Re: My Nagios Log Server stop logging every days

Posted: Fri Mar 10, 2017 3:23 pm
by mcapra
This definitely stands out:

Code: Select all

[2017-03-07 20:19:39,971][WARN ][common.network           ] failed to resolve local host, fallback to loopback
java.net.UnknownHostException: localhost.localdomain: localhost.localdomain: Name or service not known
Is this host behind a proxy of some sort? Can you also share the output of:

Code: Select all

cat /etc/hosts
cat /etc/resolv.conf
It looks like localhost isn't resolving at times for some reason and that's probably why Logstash isn't able to find the Elasticsearch cluster.

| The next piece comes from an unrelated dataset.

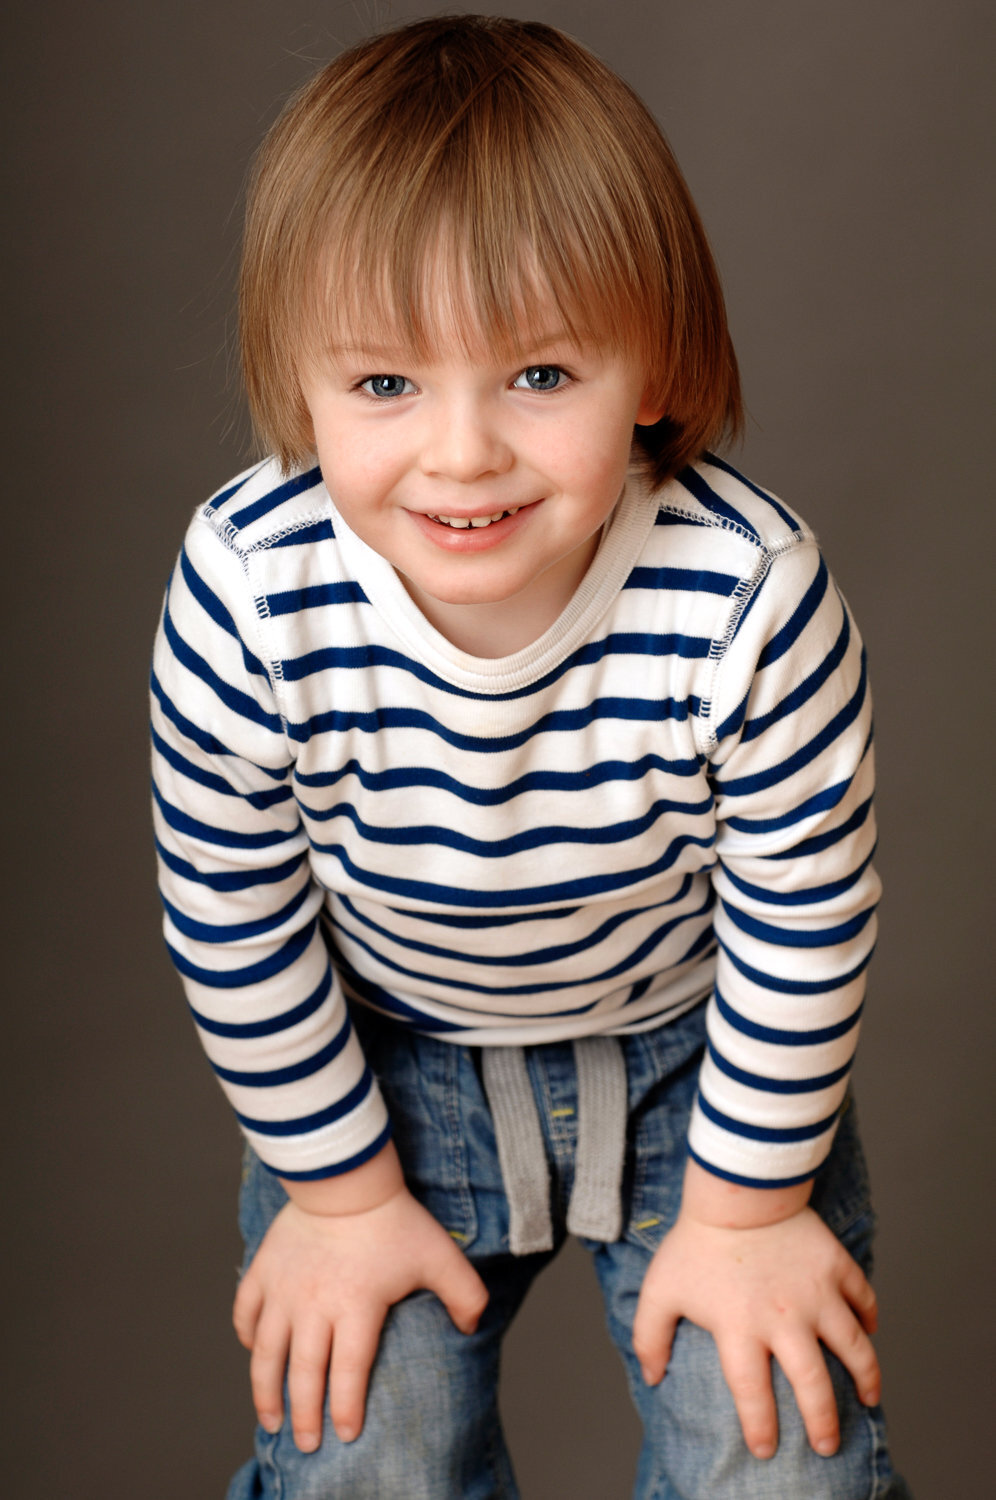 toddler boy with brown hair, wearing top with stripes and jeans smiling

Re: My Nagios Log Server stop logging every days

Posted: Thu Mar 16, 2017 10:10 am
by juanmafer
Hi!

We found the fail!
We had the server (VM) with one core only.
We added several cores to the system and the server has begun to work fine.
Thanks for your time!

Re: My Nagios Log Server stop logging every days

Posted: Thu Mar 16, 2017 10:40 am
by cdienger
Glad you were able to find the solution! Are we okay closing the thread at this time?